## Exercise description
Images excepted, the data below must be repeated exactly.

## Stored data
[Start of Attachment]
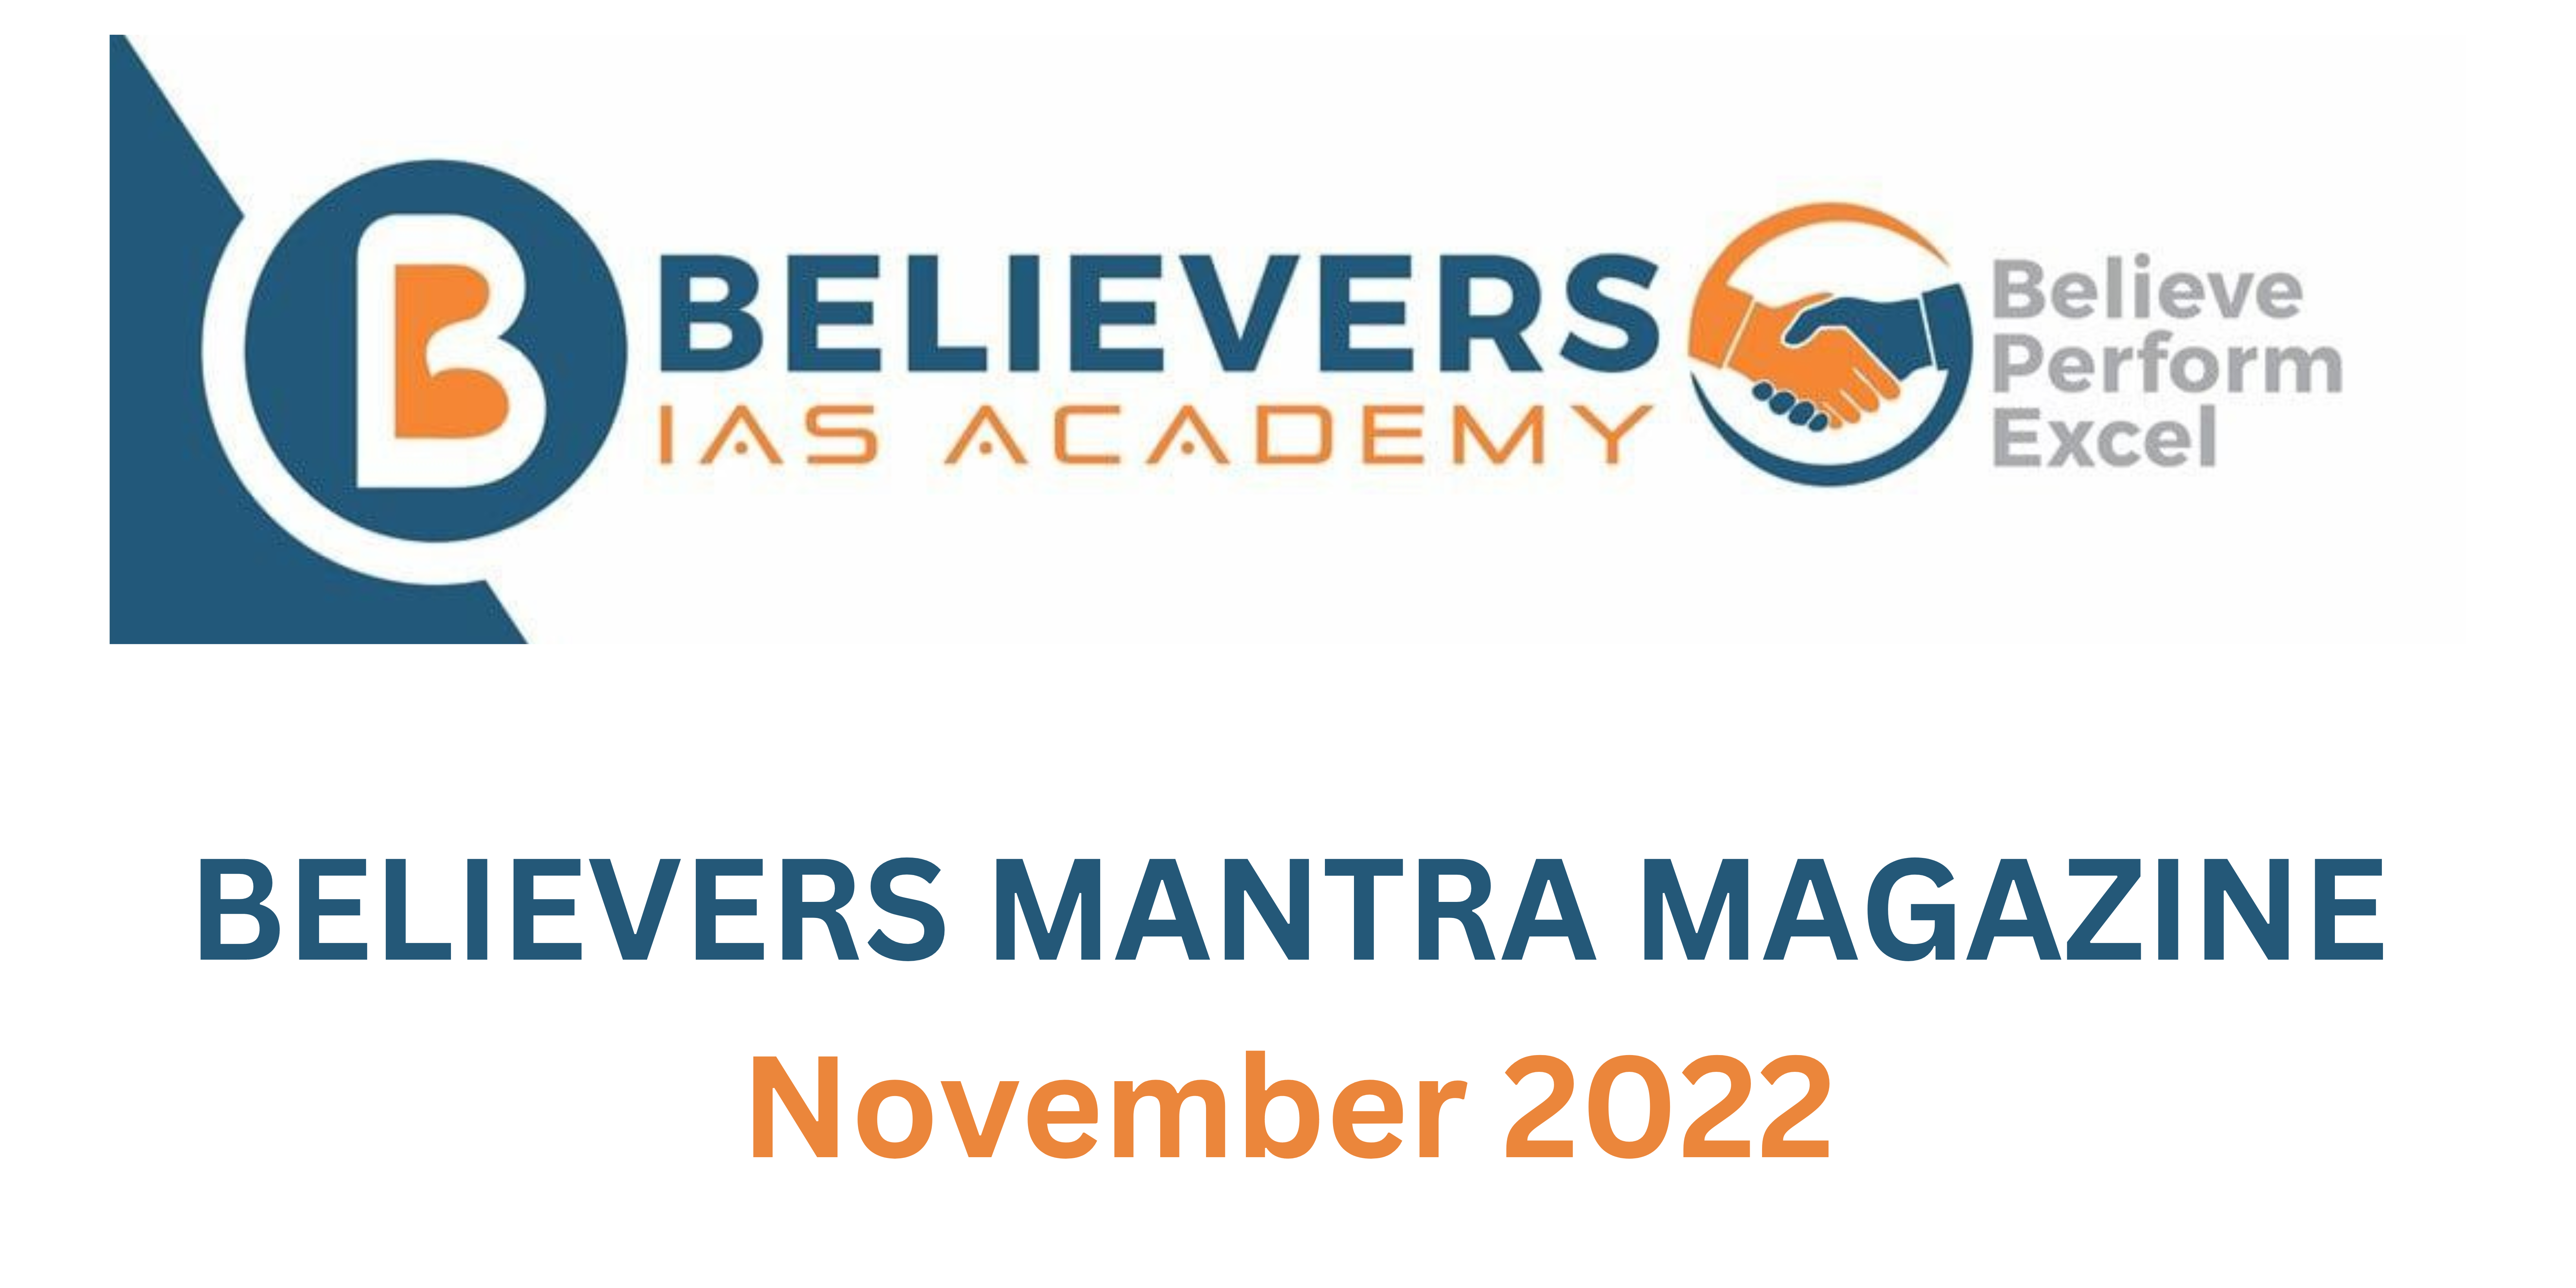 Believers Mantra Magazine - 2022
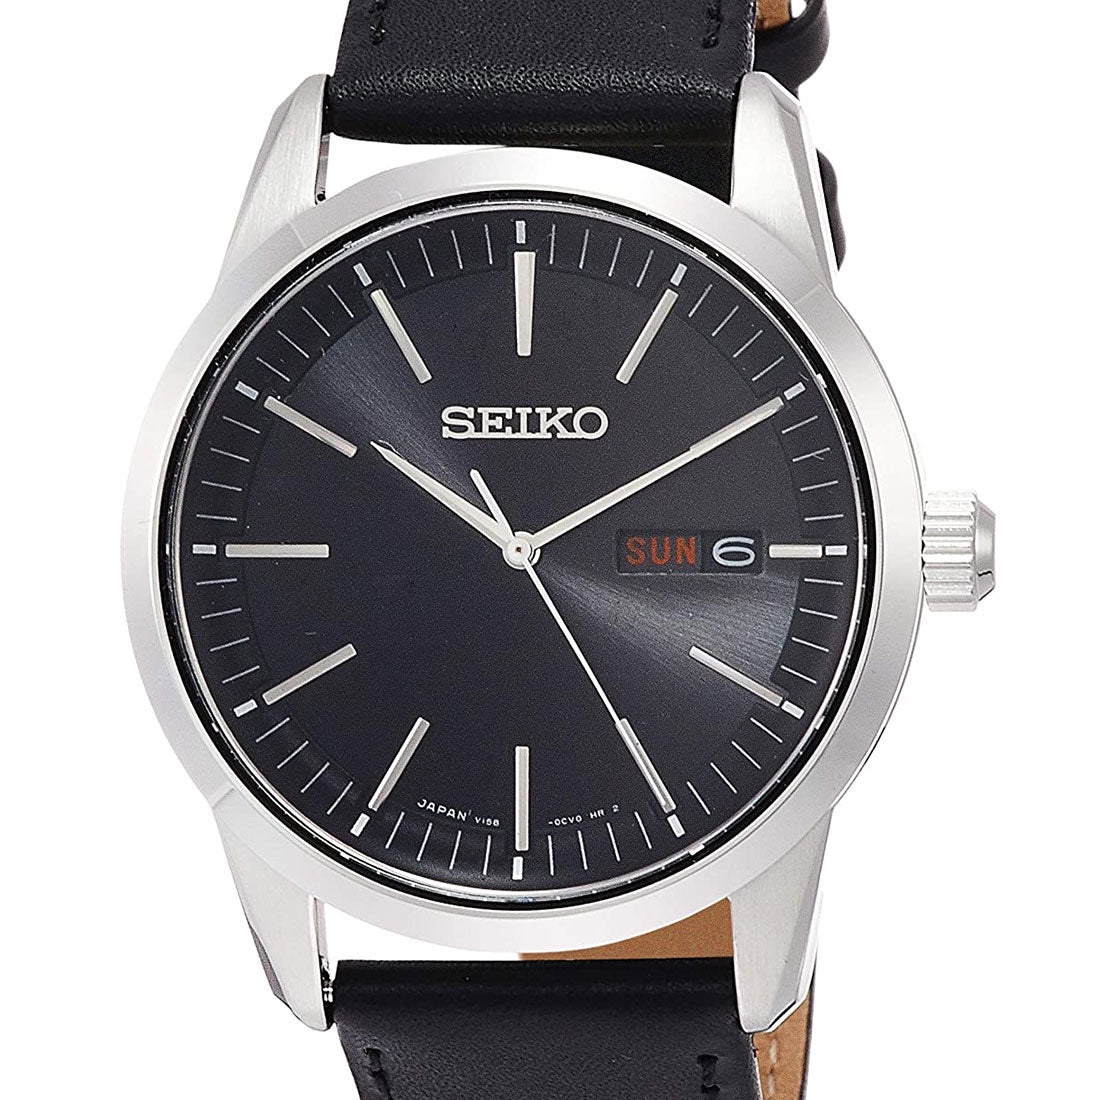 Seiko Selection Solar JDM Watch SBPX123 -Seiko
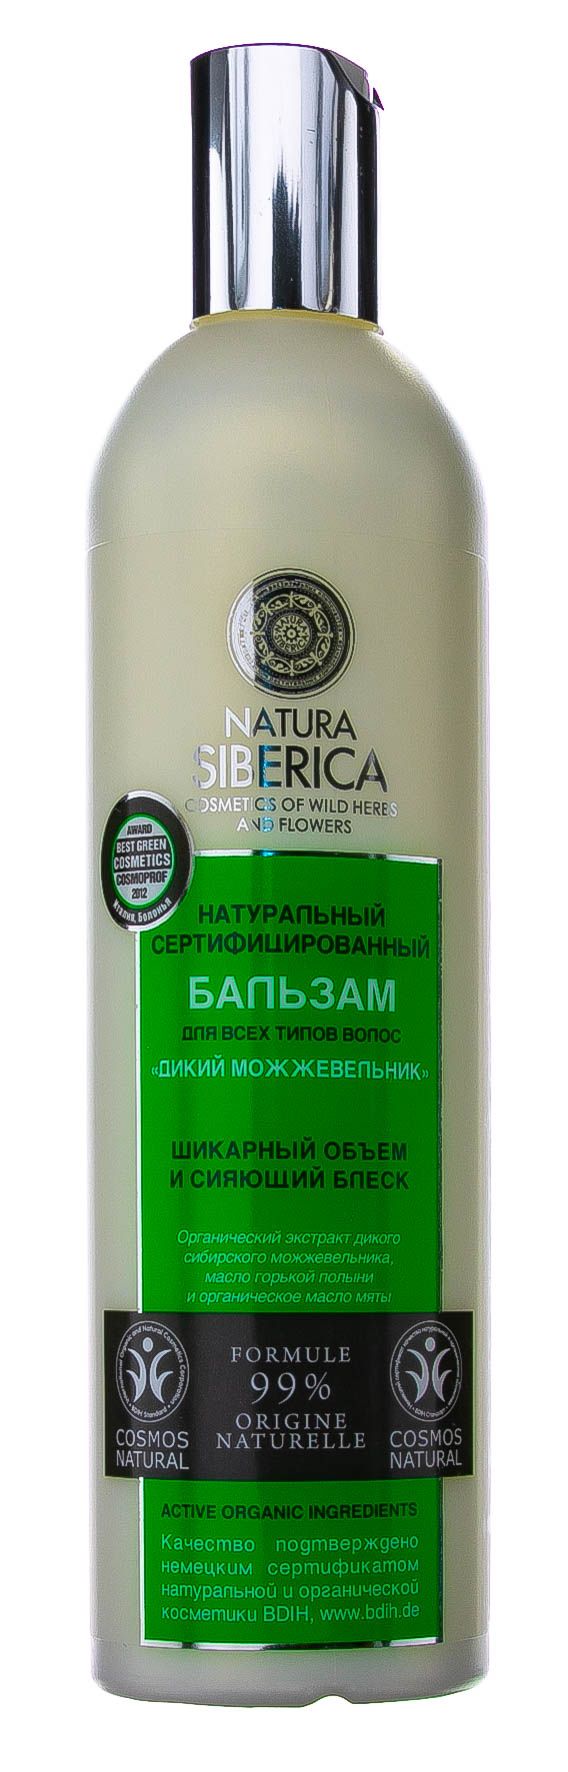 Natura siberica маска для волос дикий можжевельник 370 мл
[End of Attachment]
## Reply
 Believers Mantra Magazine - 2022
 Seiko Selection Solar JDM Watch SBPX123 -Seiko
 Natura siberica маска для волос дикий можжевельник 370 мл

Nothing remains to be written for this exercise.